:: YOUR TASK ::
Leaving the images aside, transcribe all the data below exactly.

:: INFORMATION SUPPLIED ::

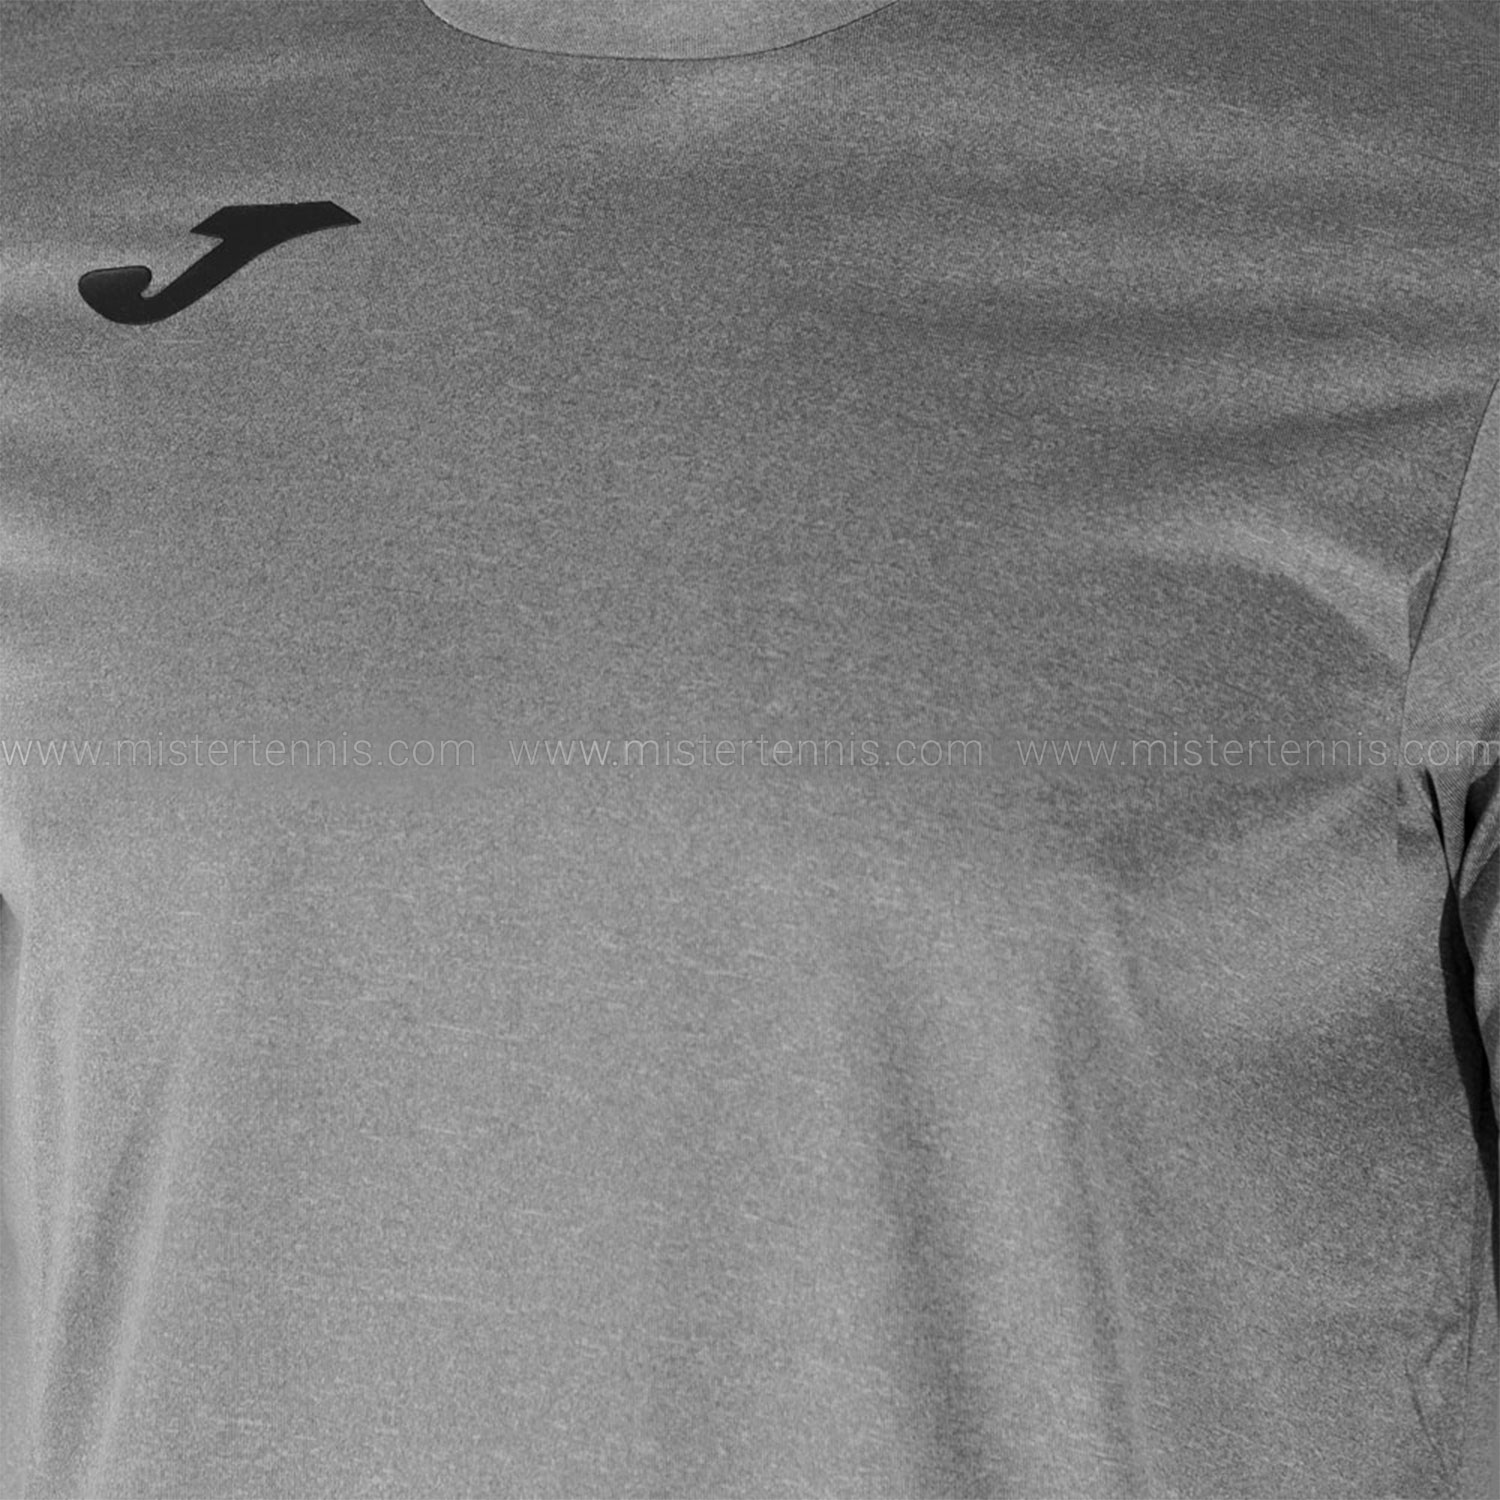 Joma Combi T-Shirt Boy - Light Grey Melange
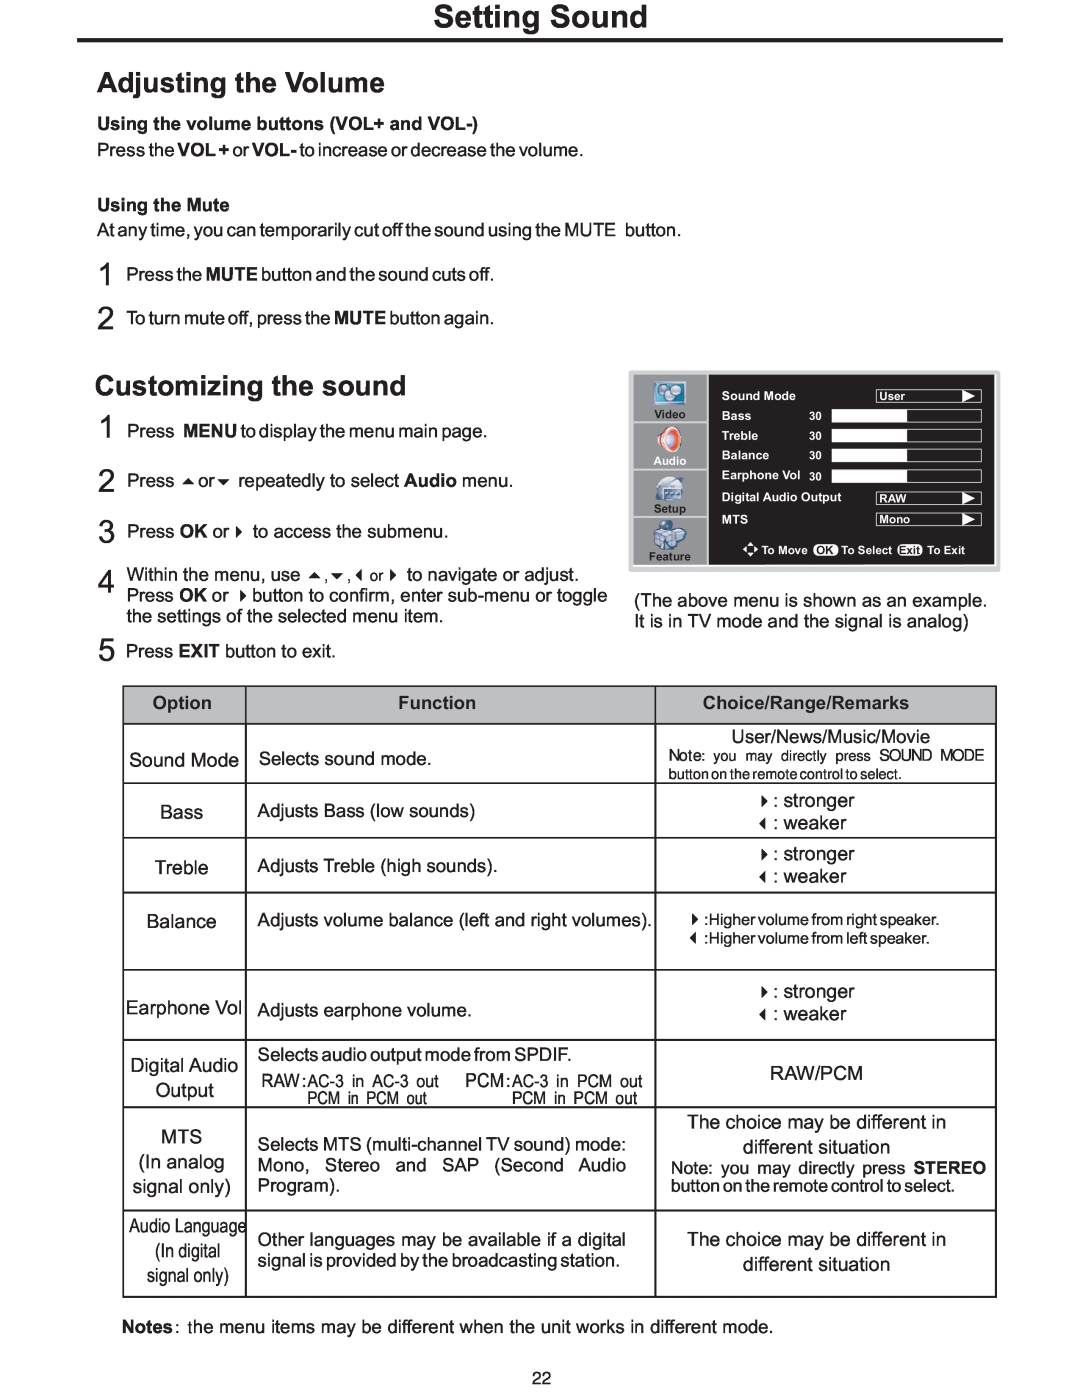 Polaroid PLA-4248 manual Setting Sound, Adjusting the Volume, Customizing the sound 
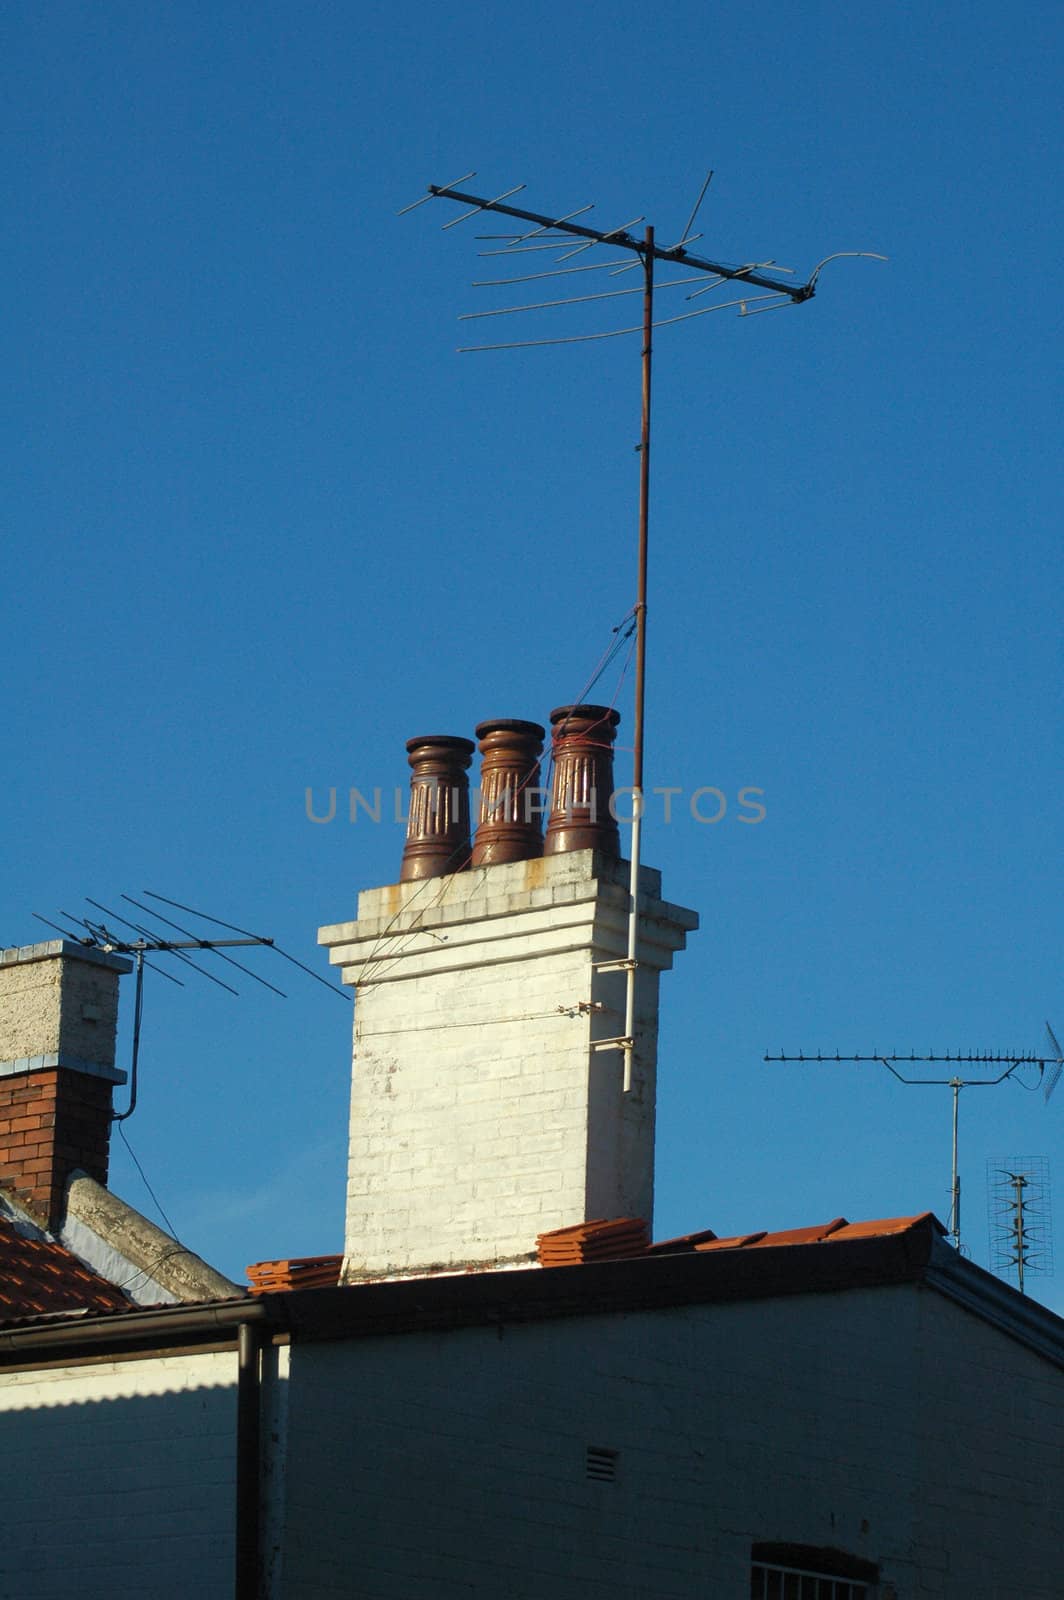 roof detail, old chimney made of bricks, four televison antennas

:: TASK SOLUTION ::
 Joma Combi T-Shirt Boy - Light Grey Melange
 Polaroid PLA-4248 manual Setting Sound, Adjusting the Volume, Customizing the sound 
 roof detail, old chimney made of bricks, four televison antennas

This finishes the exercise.